Ainsi, je me dois de souligner les replis rapides du Parti québécois face au gel du bloc patrimonial en électricité, face à la taxe santé, face à l’application de la loi 101 dans les cégeps. Le Parti québécois a fait marche arrière plus par obligation que par choix, mais au moins, il a fait marche arrière.

C’est un peu la même chose dans le cas de la démission de Daniel Breton. Par principe, Jean Charest s’entêtait à protéger des ministres qui ne méritaient pas d’être protégés. De son côté, Pauline Marois a rapidement accepté la démission de Daniel Breton, démontrant encore une fois qu’elle sait éviter les causes perdues.

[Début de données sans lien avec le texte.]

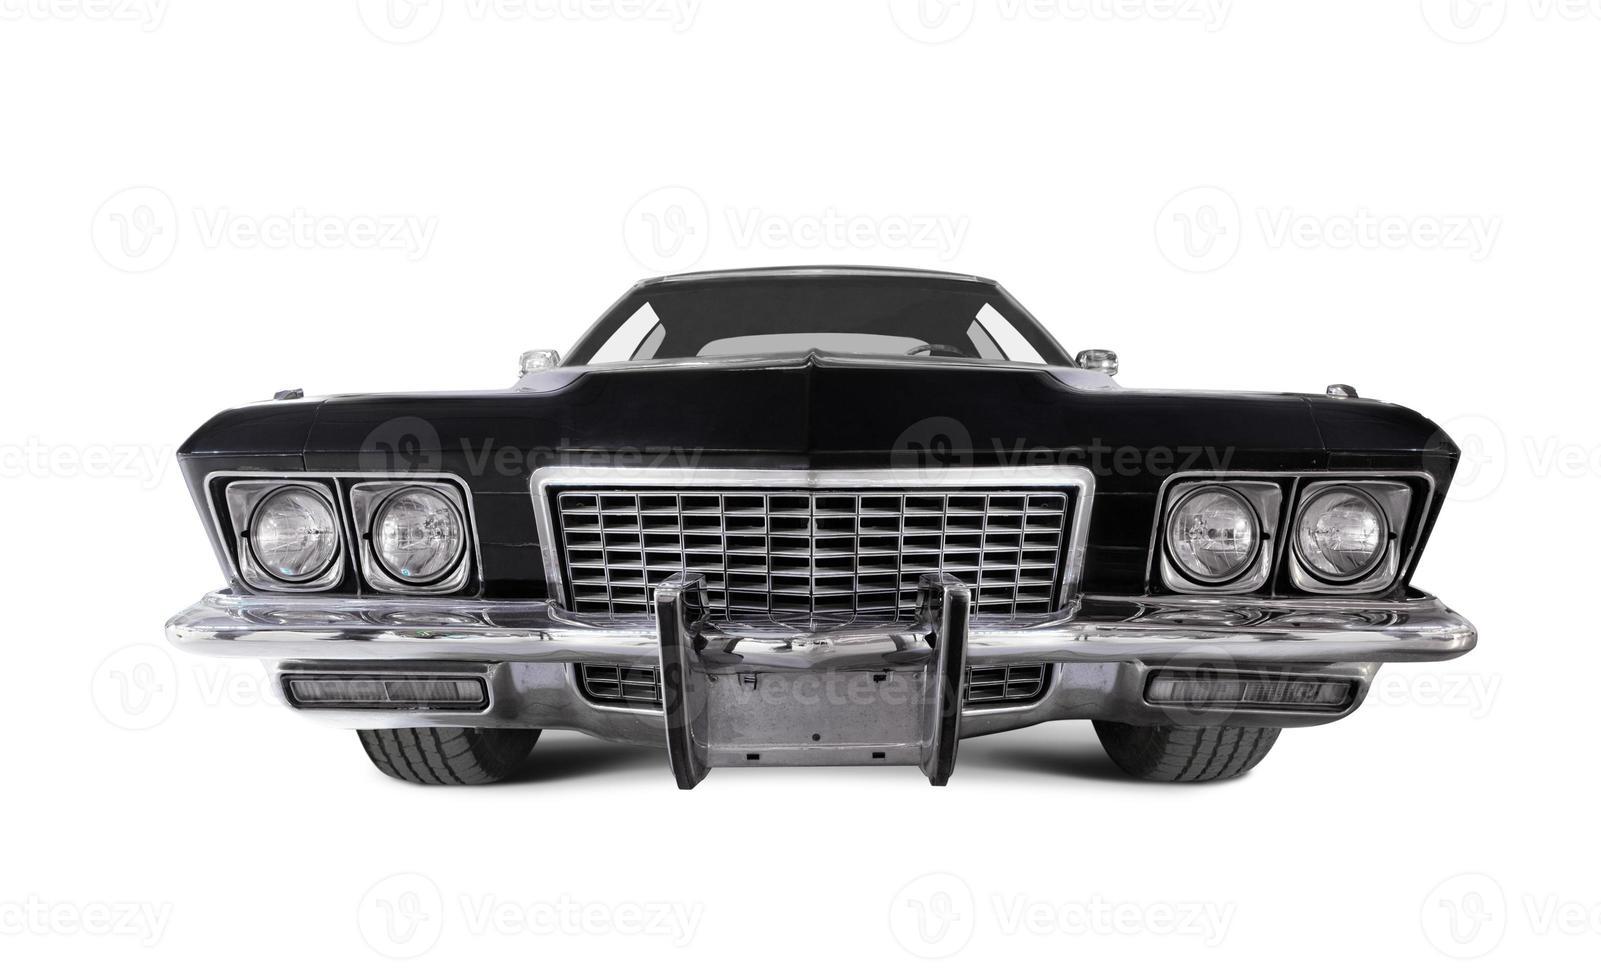 auto americana classica foto

Le Parti libéral avait été beaucoup plus doctrinaire lorsqu’il est arrivé au pouvoir en 2003. Il avait promis de permettre aux villes récemment fusionnées dans l’île de Montréal de défusionner si une majorité d’électeurs le voulaient à la suite d’un référendum. C’était une promesse faite par ce parti en fonction de solidifier sa base électorale anglophone de l’ouest de l’île de Montréal. Une fois au pouvoir, le Parti libéral est allé de l’avant avec cette promesse même s’il était évident que ce serait le bordel. Et c’est exactement ce qui est arrivé. Montréal est aujourd’hui un monstre à 20 têtes, une ville ingouvernable.

Le gros bon sens aurait voulu que Jean Charest n’aille pas de l’avant avec cette promesse pour éviter le désastre qui a suivi. Il a préféré à ce moment-là rester politicien plutôt que d’agir comme homme d’État, ce qui n’était rien de moins que de l’entêtement de sa part.

Avec tous les replis effectués par le Parti québécois, on peut presque dire que le budget Marceau aurait aussi bien pu être un budget du PLQ ou de la CAQ. Il était important de garder le cap sur l’obtention du déficit zéro. Et c’est ce qui a été fait. C’est la victoire du gros bon sens face à la dure réalité du pouvoir.